S
sedonaman
Guest
So what’s the difference? Aren’t the concepts what count? Sounds like this “Word of Allah” claim is a “well,-you-just-don’t-understand-Arabic” escape hatch of last resort, fabricated to dismiss criticisms of Islam.He is right, since the revelation of Allah has been conveyed to His messenger in the arabic language, the Arabic Qur’an is what we believe to be the Literal word of God, a translation of it in any given language, be it in english is all it is, a ‘translation of the word of God’ and not the ‘Word of God’ in the literal sense of the term.
You can believe anything you want, but now you have run into a problem. If there are concepts in Arabic that cannot be expressed other languages, it is virtually impossible for someone to learn Arabic if it cannot be translated into the only one he does know. Therefore, I submit that because most of the world’s Muslims don’t speak Arabic, they don’t know what they believe because, “Learning Arabic will be an advantage as there is a big difference between reading the translations of the Qur’an and the original text in Arabic.”A translation of the Qur’an is the human effort to convey the words of God in another language and it can’t be equate with the actual words of God as revealled in the arabic language.
This is one of the problems with fundamentalist religions. They take scriptures literally. Here’s a for-instance: Genesis Chapter 1 tells us that on the first day, God created light. But God did not create the sun, moon, and stars until the fourth day. So where did the light on the first day come from before the creation of the sun, moon, and stars on the fourth day? A literalist interpretation cannot produce an answer.

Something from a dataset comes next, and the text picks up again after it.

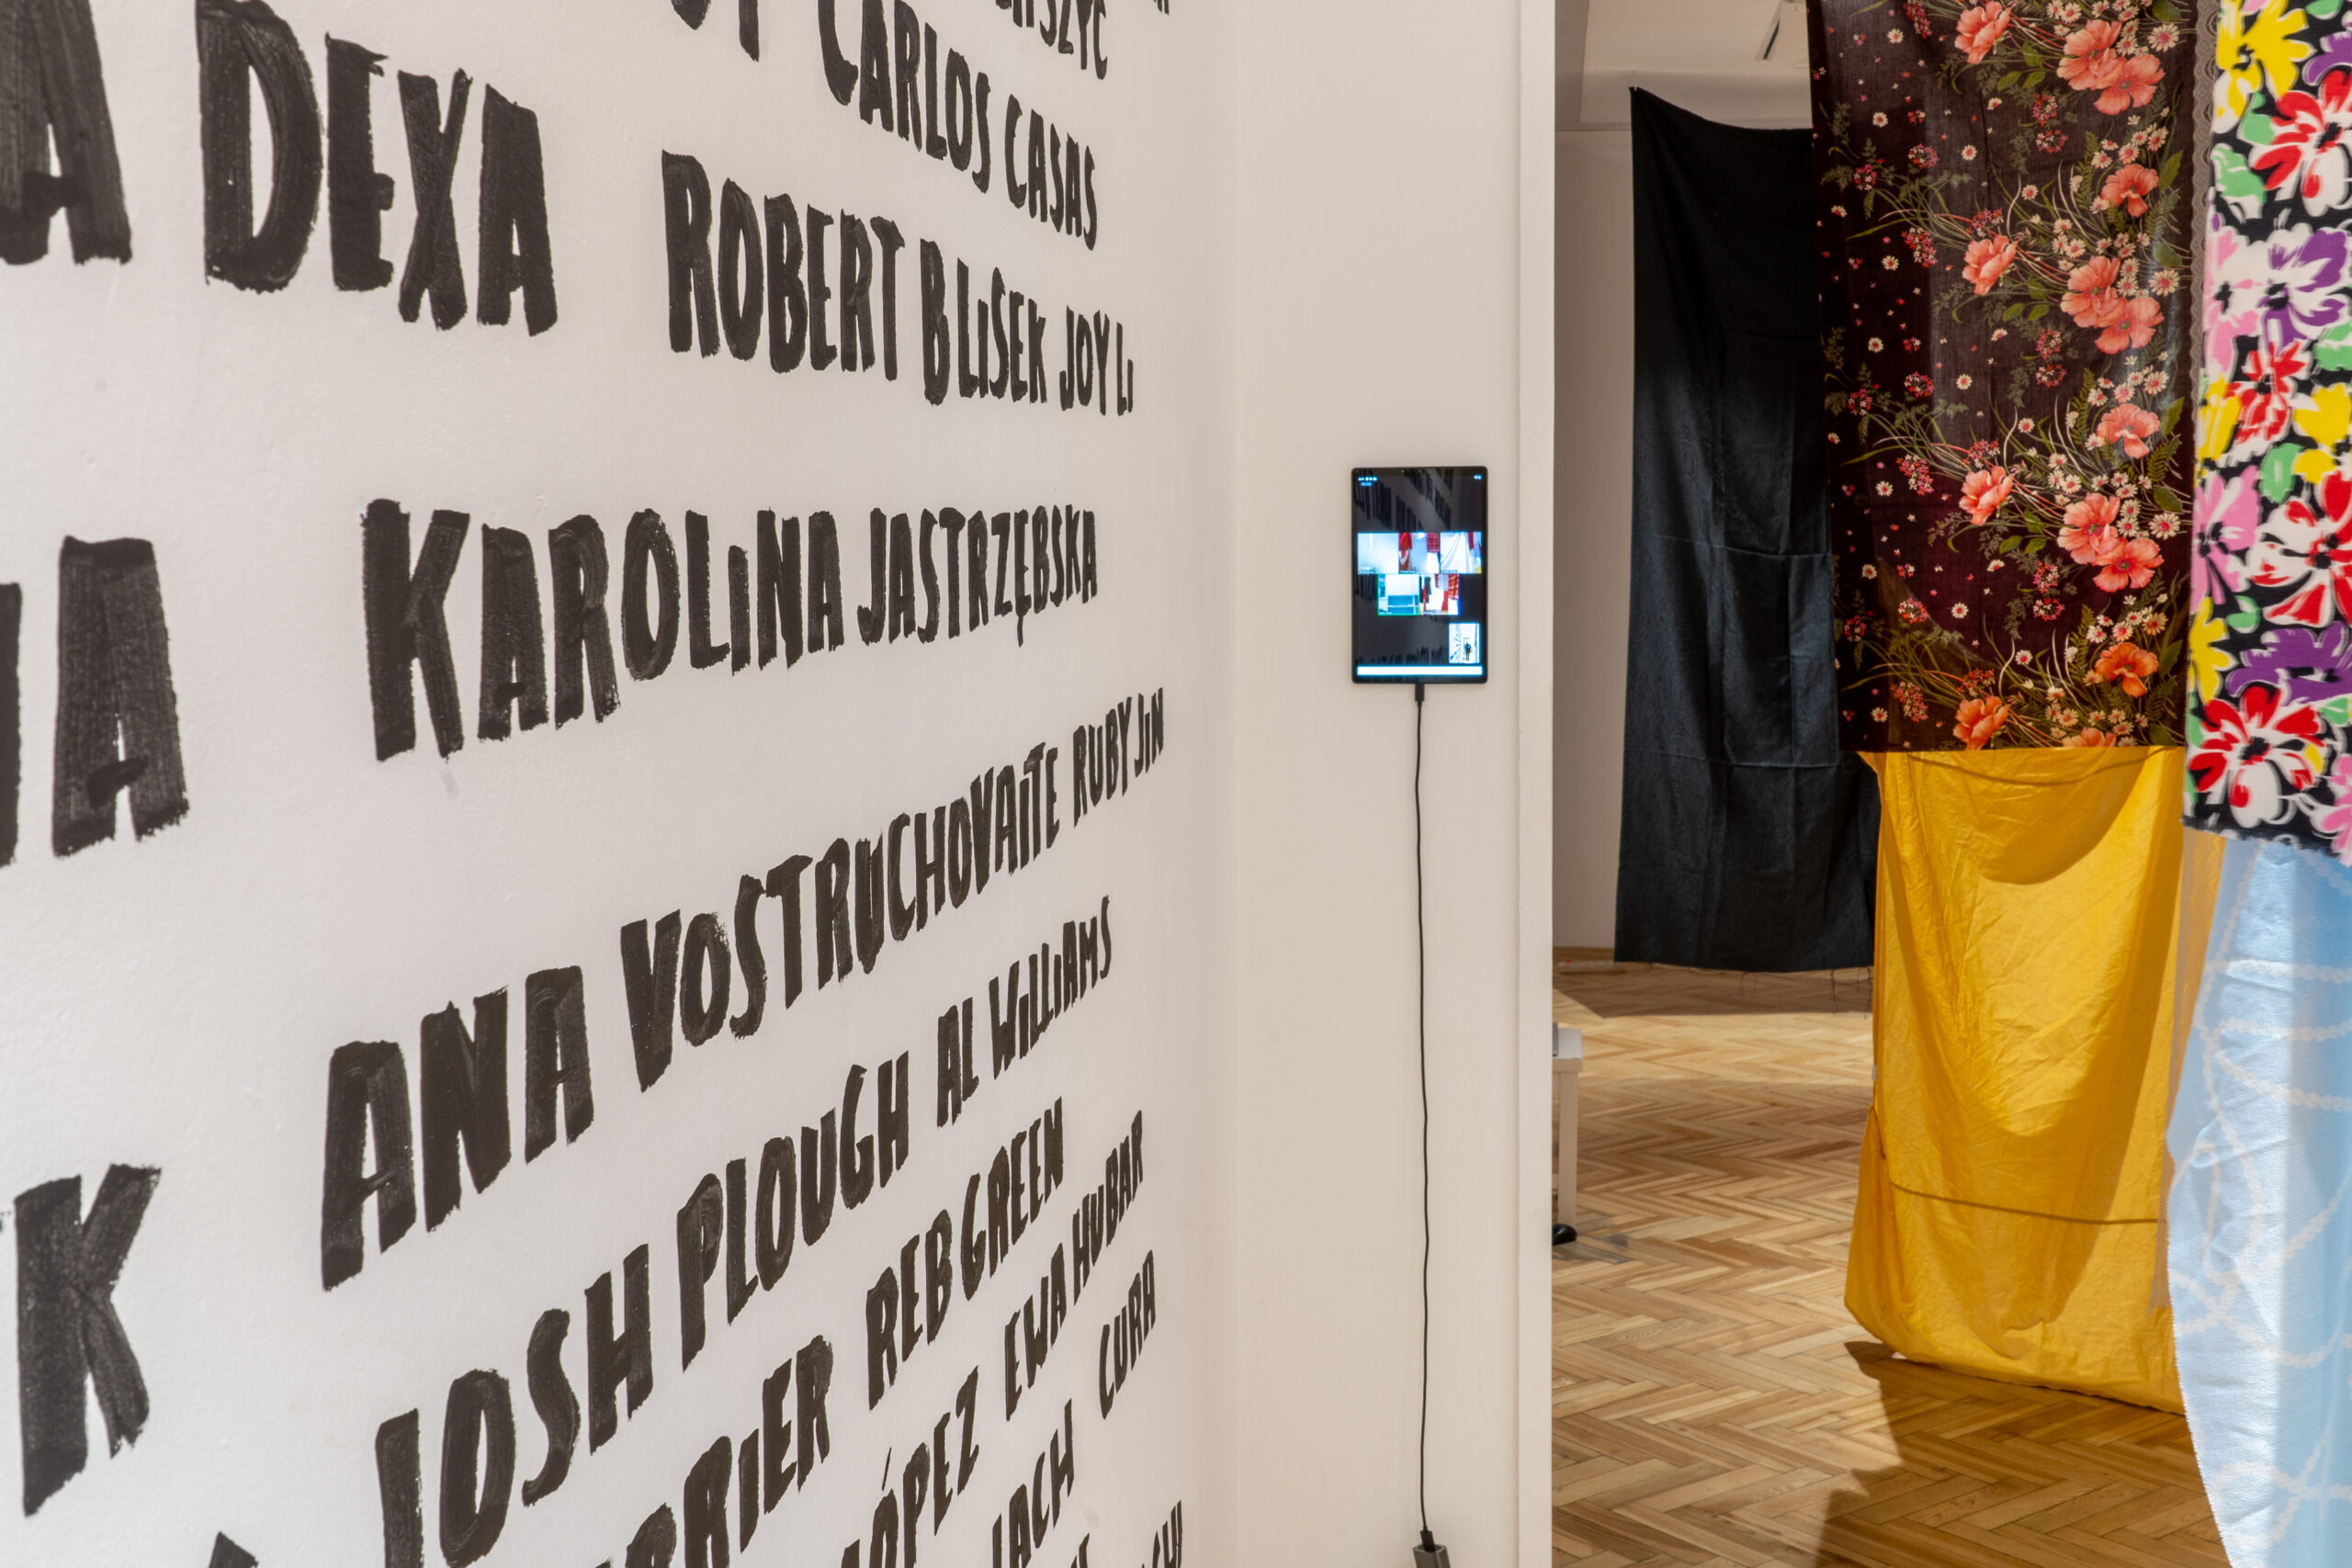 Na zdjęciu znajduje się kawałek ściany z wypisanymi nazwiskami, przyklejony do ściany tablet, wyświetlający konferencję na zoomie oraz fragment wnętrza sali wystawowej z zawieszonymi wewnątrz materiałami.

Then there is the question of which Arabic Qur’an is the “literal word of Allah”, the one in Arabic you buy hot off the presses today or the Yemeni Qur’an?
Another fantastic claim by a Muslim on this forum was that “the Qur’an is not subject to interpretation”. Never mind that’s what the human brain does: it interprets stimuli detected by the senses, and that includes what is read by the eyes.
The only real escape hatch you have out of this dilemma is to admit that Arabic is not such an esoteric language that Islamic concepts, such as dualism and abrogation, whatever their source, cannot be accurately translated into other languages. This goes for the rest of Islam’s foundational texts as well.